▸ WHAT YOU HAVE TO DO: Below is a listing with pictures in it; transcribe exactly the lines from the one that has "Reporting DORVAL MANAGEURS" through the one that has "Signos/síntomas, transmisión y", and omit those pictures.

=== SUPPLIED ENTRIES ===

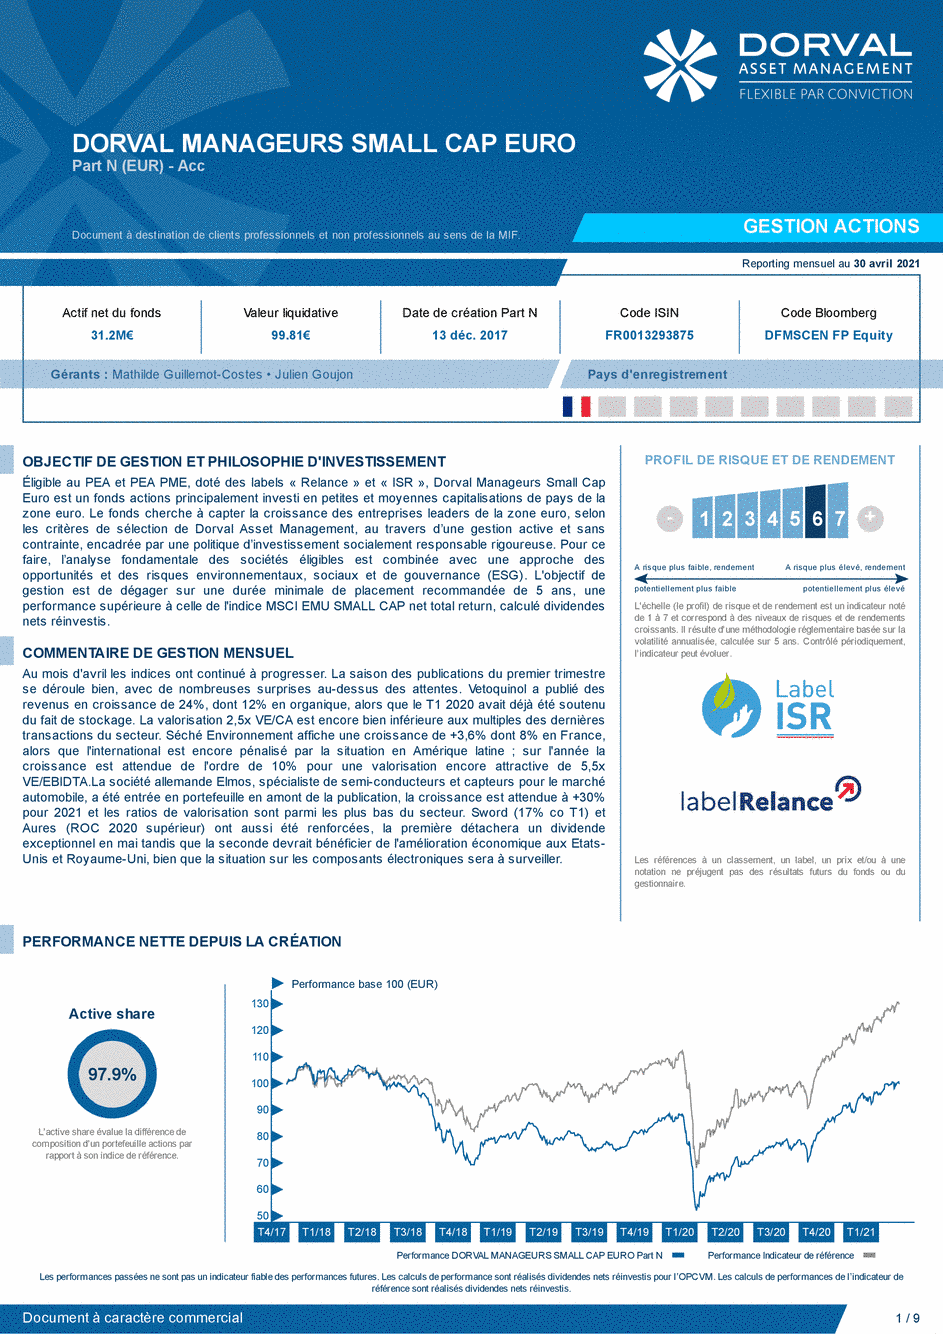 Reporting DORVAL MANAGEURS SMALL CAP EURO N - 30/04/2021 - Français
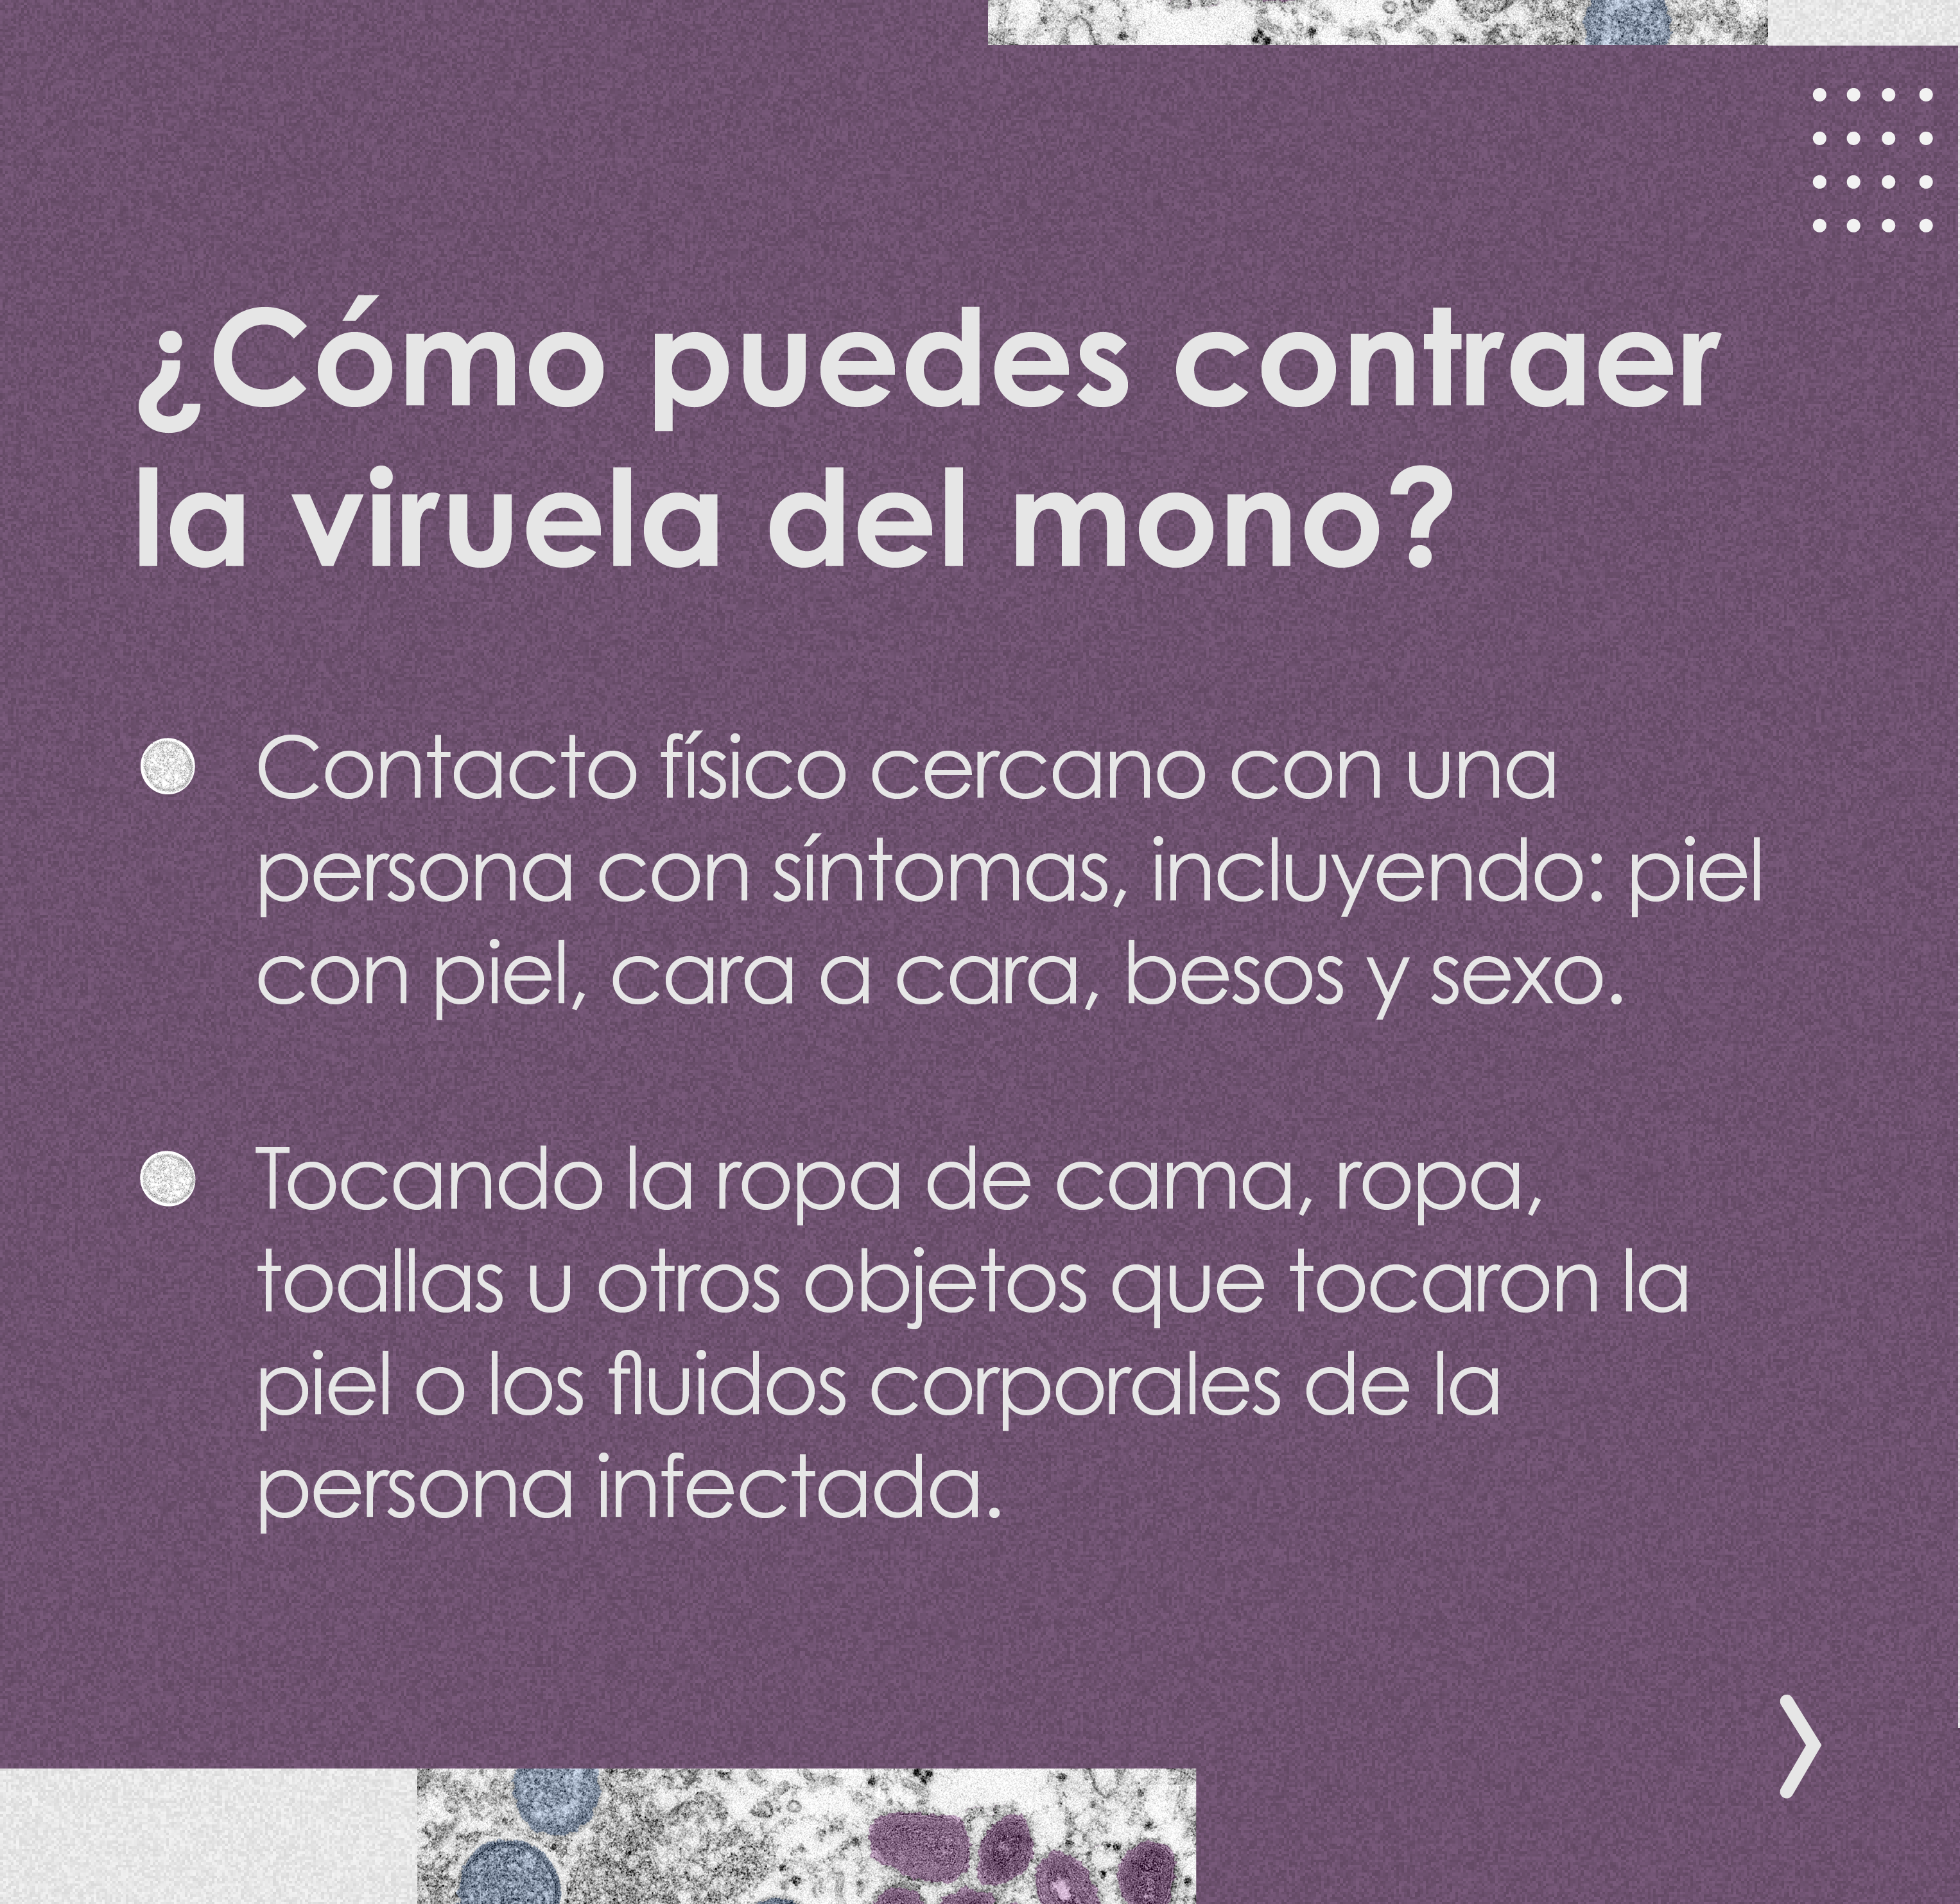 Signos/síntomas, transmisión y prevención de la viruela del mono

===
=== SUPPLIED ENTRIES ===

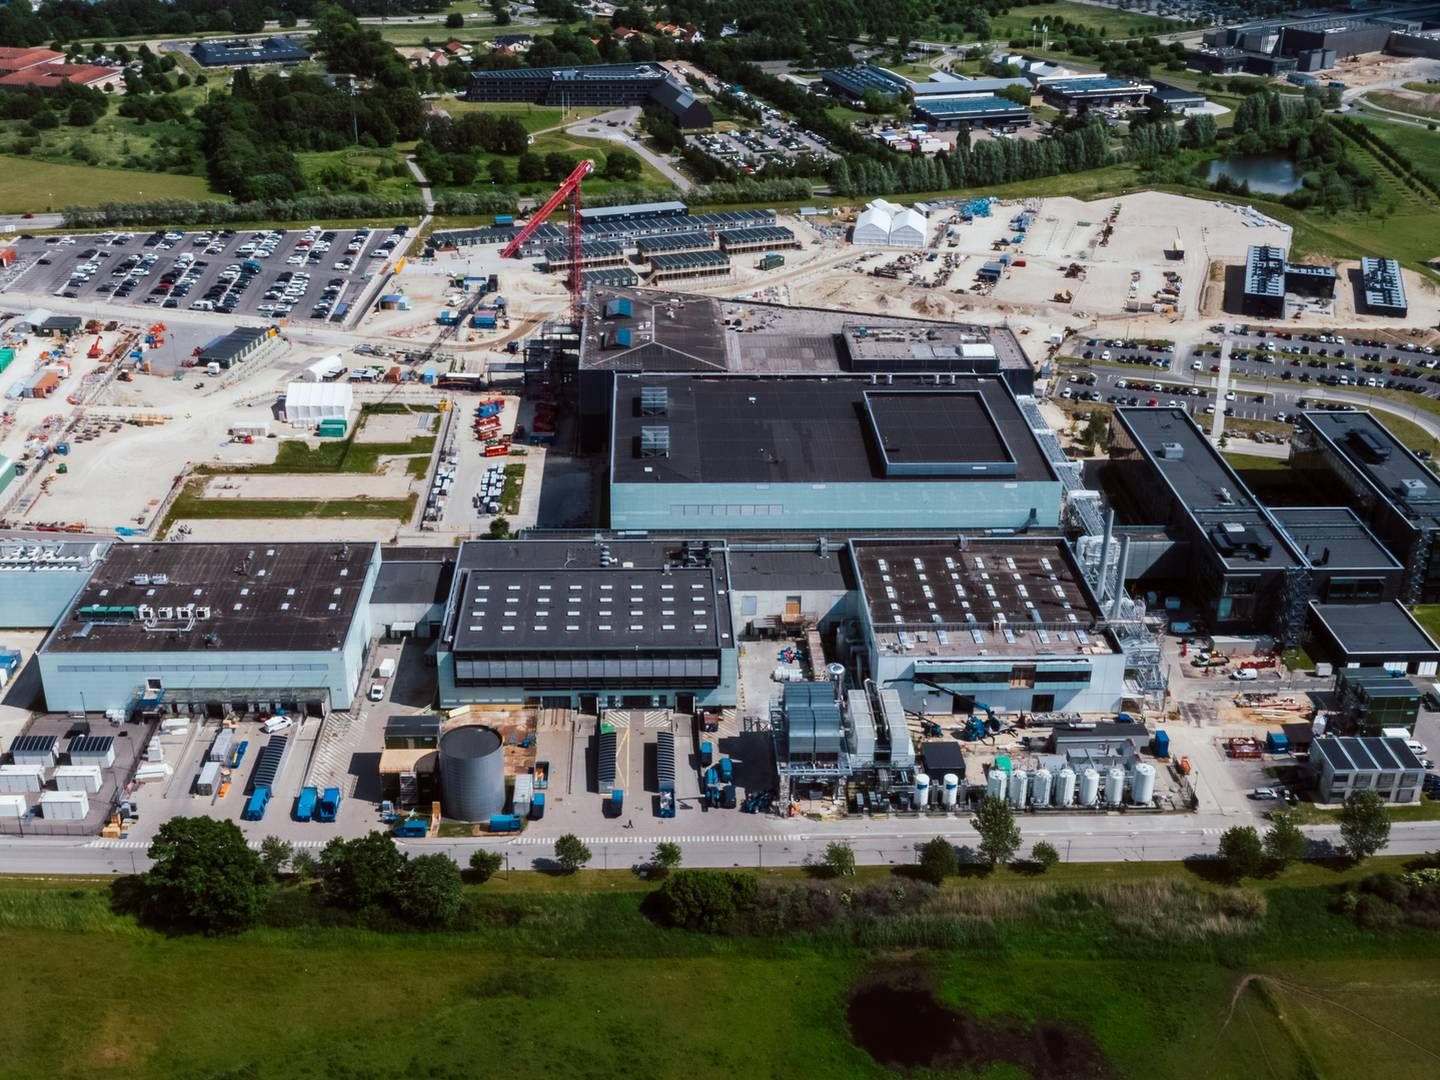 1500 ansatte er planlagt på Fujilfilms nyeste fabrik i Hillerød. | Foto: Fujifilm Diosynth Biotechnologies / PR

===
=== SUPPLIED ENTRIES ===

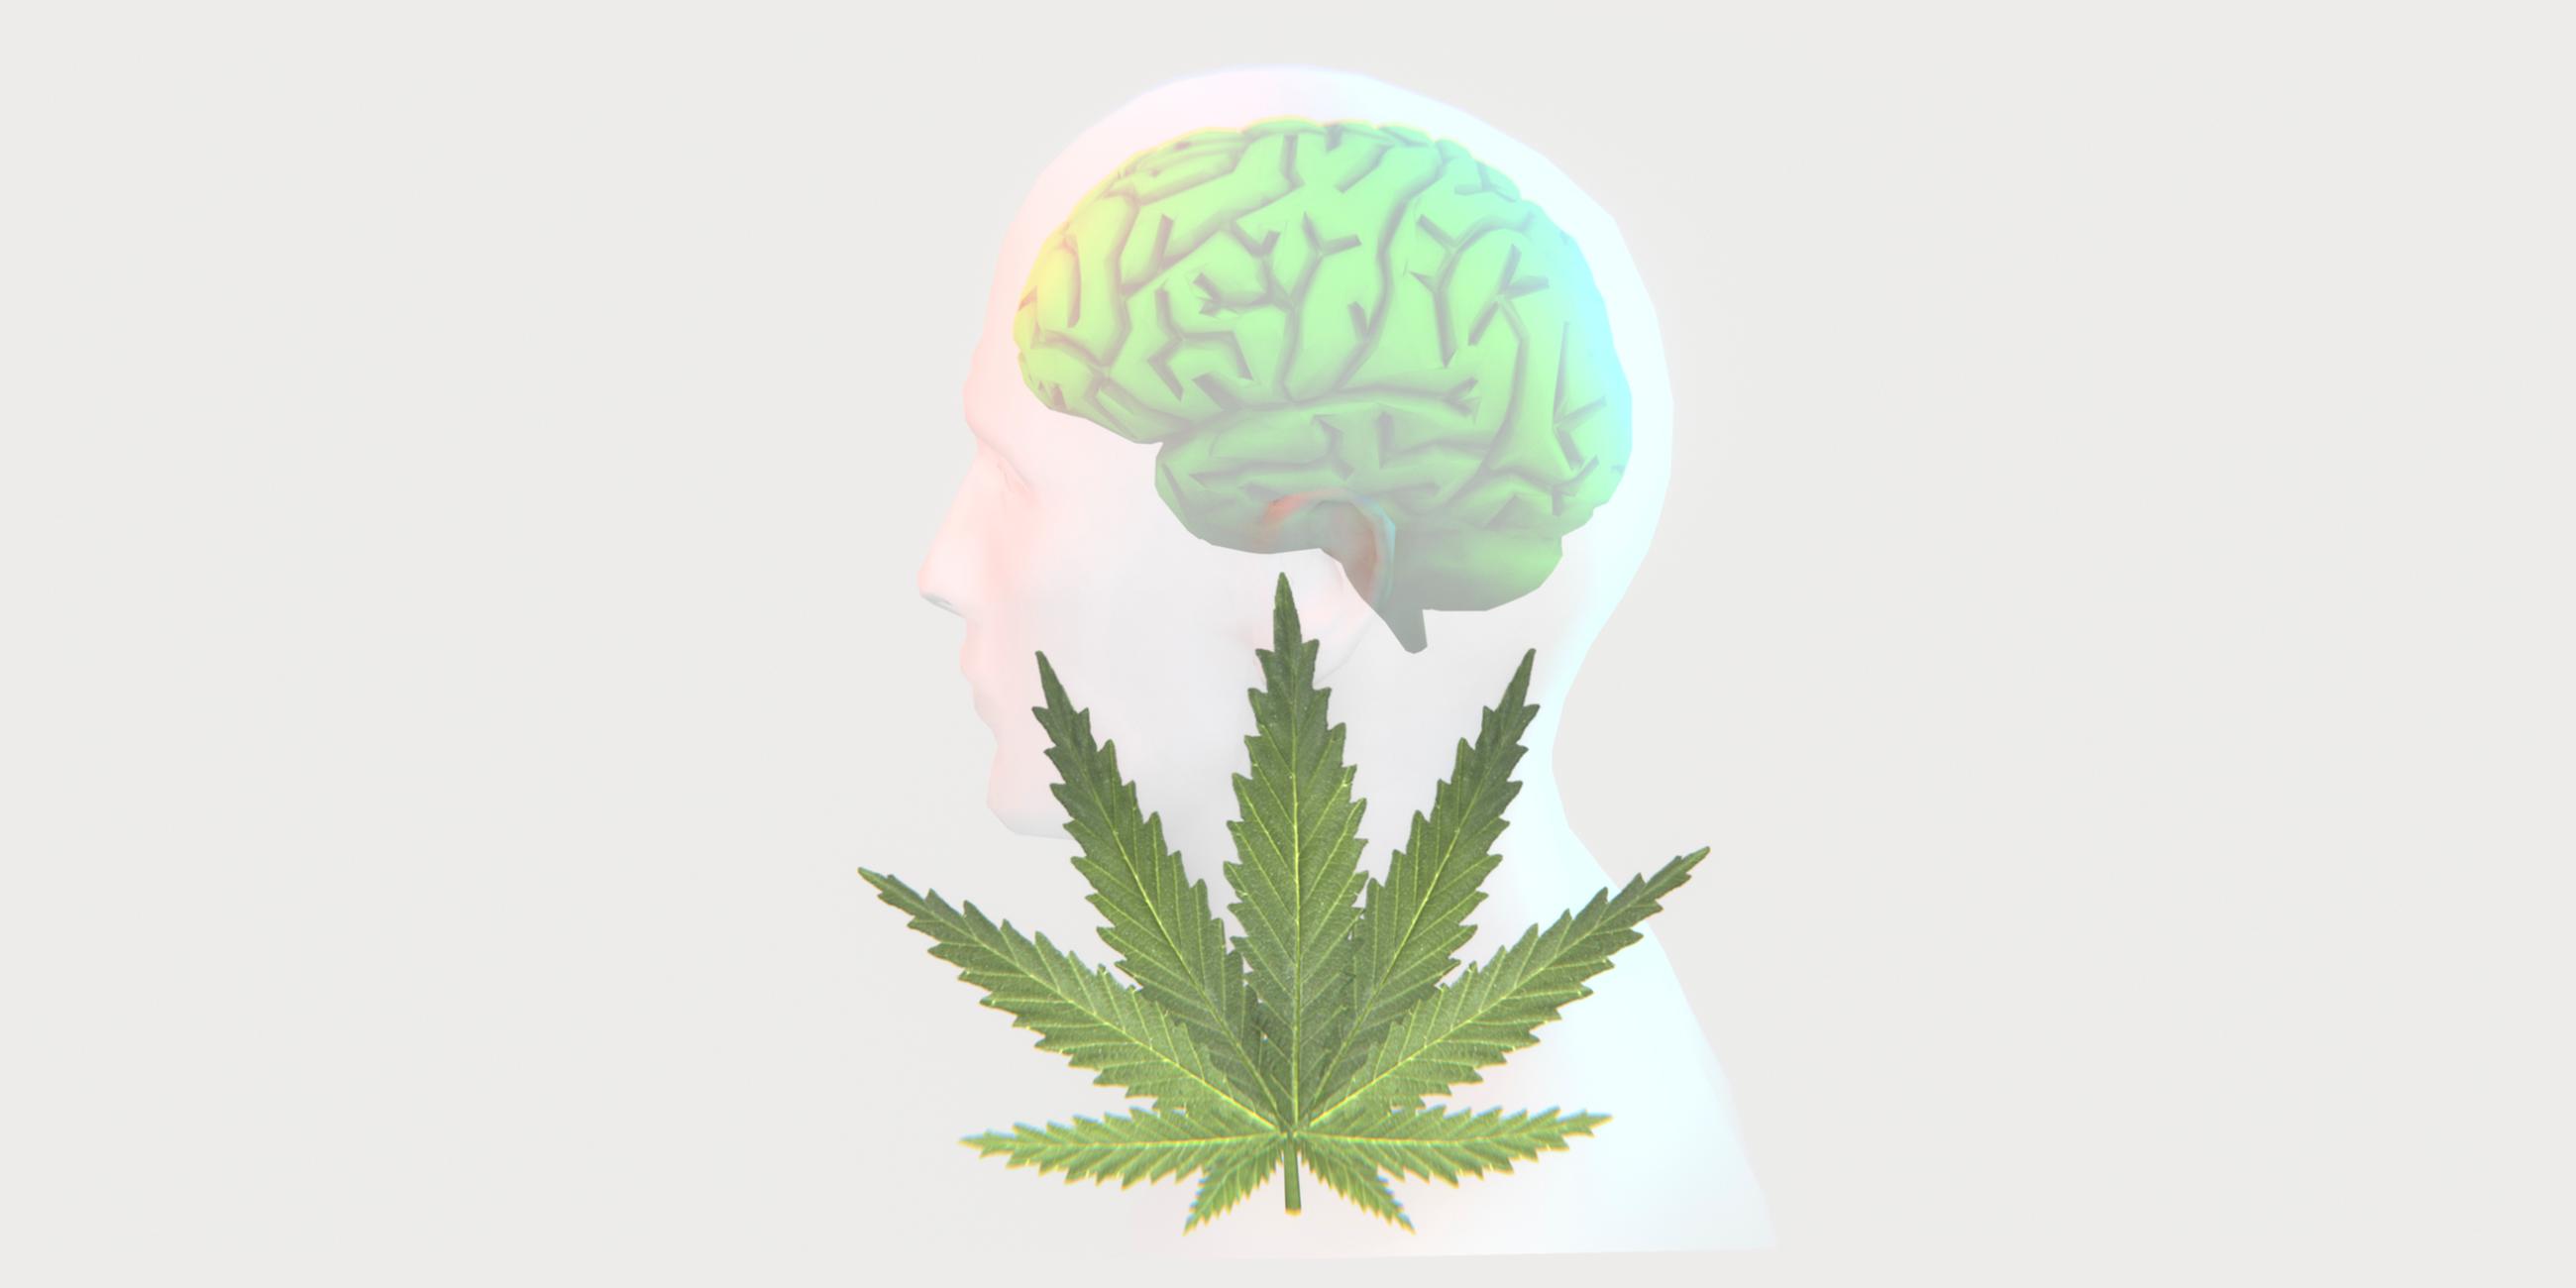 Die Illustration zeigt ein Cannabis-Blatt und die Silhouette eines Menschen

===

▸ YOUR RESPONSE:
 Reporting DORVAL MANAGEURS SMALL CAP EURO N - 30/04/2021 - Français
 Signos/síntomas, transmisión y prevención de la viruela del mono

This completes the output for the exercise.